Simply Wall St ·  Aug 28, 2022 21:05

If we want to find a potential multi-bagger, often there are underlying trends that can provide clues. Firstly, we'll want to see a proven return on capital employed (ROCE) that is increasing, and secondly, an expanding base of capital employed. This shows us that it's a compounding machine, able to continually reinvest its earnings back into the business and generate higher returns. In light of that, when we looked at Winner Medical (SZSE:300888) and its ROCE trend, we weren't exactly thrilled.

Understanding Return On Capital Employed (ROCE)

For those who don't know, ROCE is a measure of a company's yearly pre-tax profit (its return), relative to the capital employed in the business. To calculate this metric for Winner Medical, this is the formula:

Return on Capital Employed = Earnings Before Interest and Tax (EBIT) ÷ (Total Assets - Current Liabilities)

0.10 = CN¥1.2b ÷ (CN¥16b - CN¥3.7b) (Based on the trailing twelve months to June 2022).

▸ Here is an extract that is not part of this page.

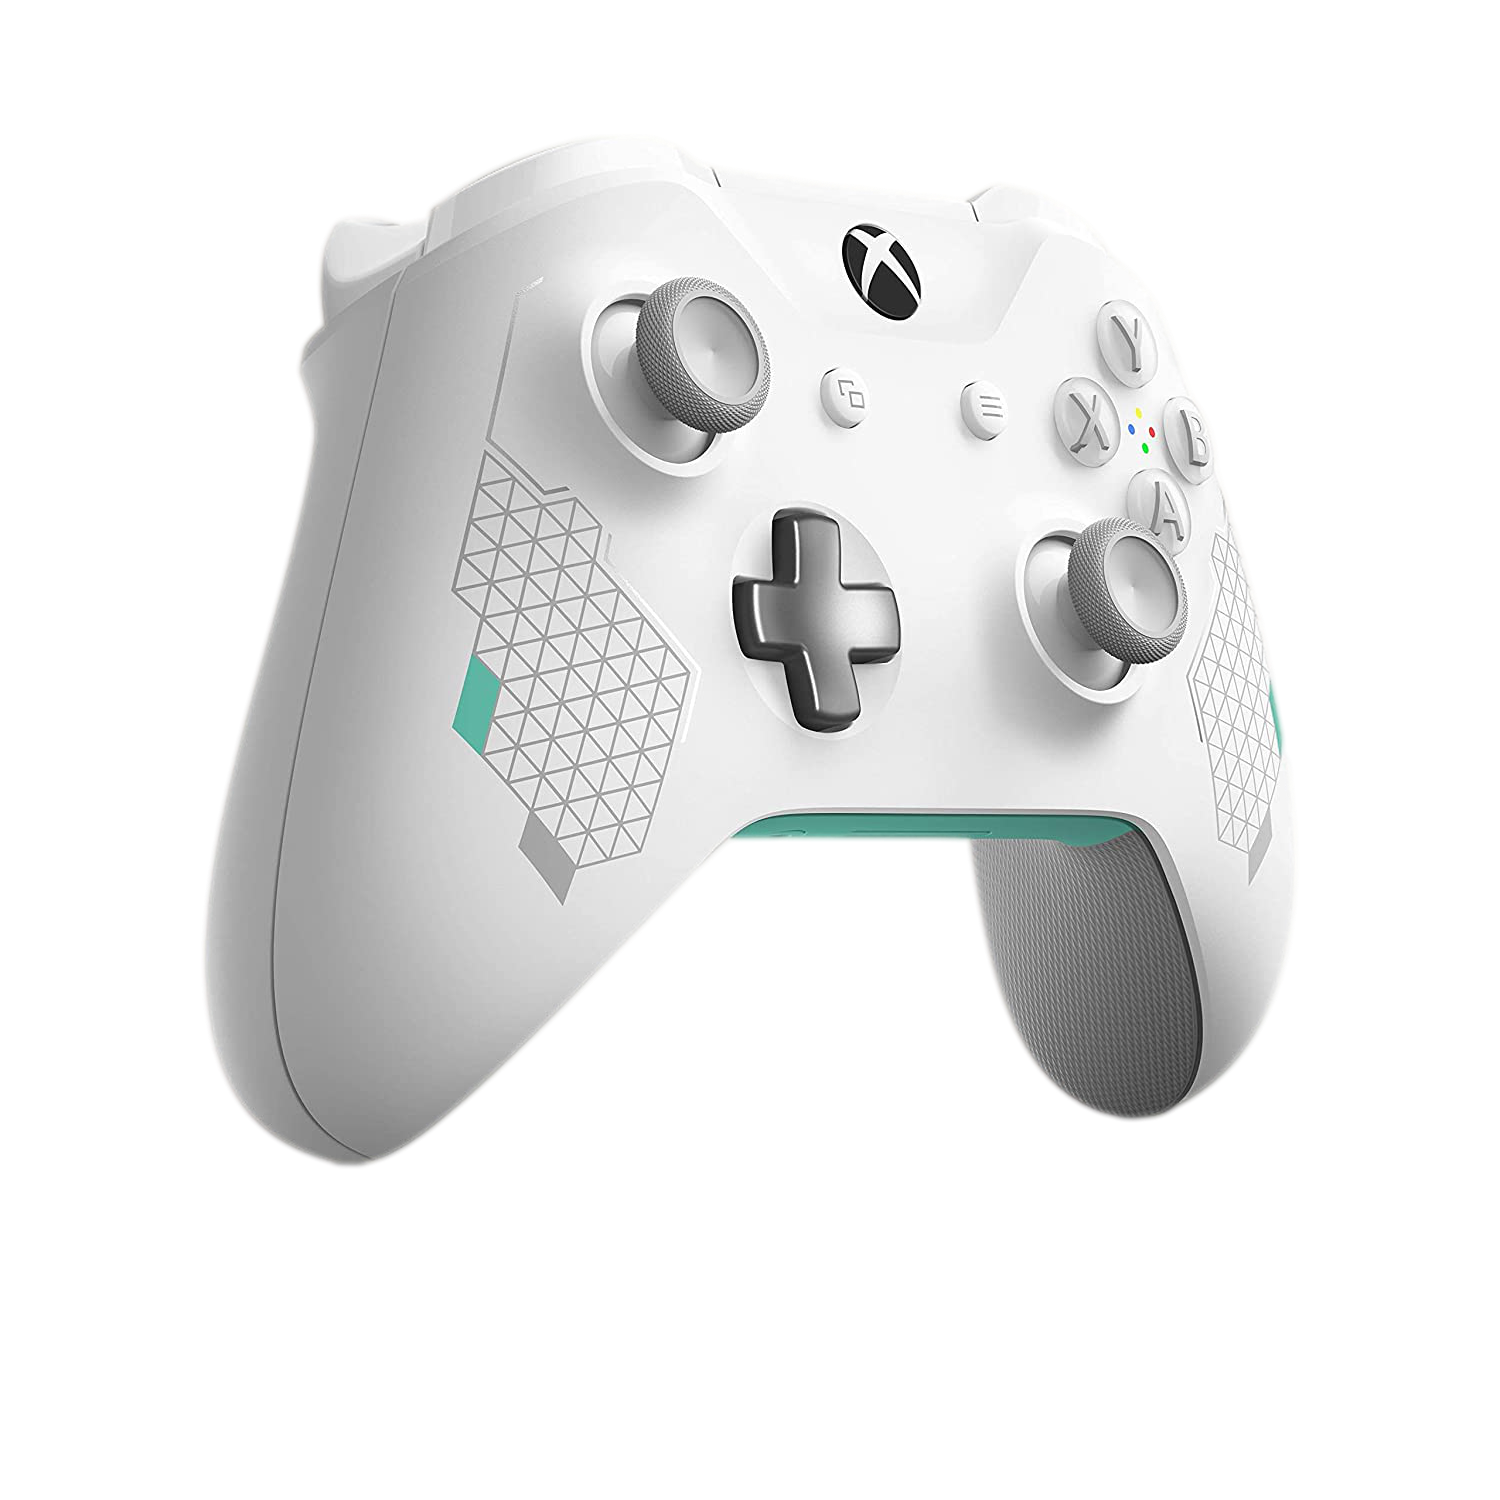 Microsoft-Official-Xbox-Controller-Sports-White-Special-Edition-12-Months-Warranty-2

So, Winner Medical has an ROCE of 10%. In absolute terms, that's a pretty normal return, and it's somewhat close to the Medical Equipment industry average of 11%.

See our latest analysis for Winner Medical

roceSZSE:300888 Return on Capital Employed August 29th 2022

Above you can see how the current ROCE for Winner Medical compares to its prior returns on capital, but there's only so much you can tell from the past. If you're interested, you can view the analysts predictions in our free report on analyst forecasts for the company.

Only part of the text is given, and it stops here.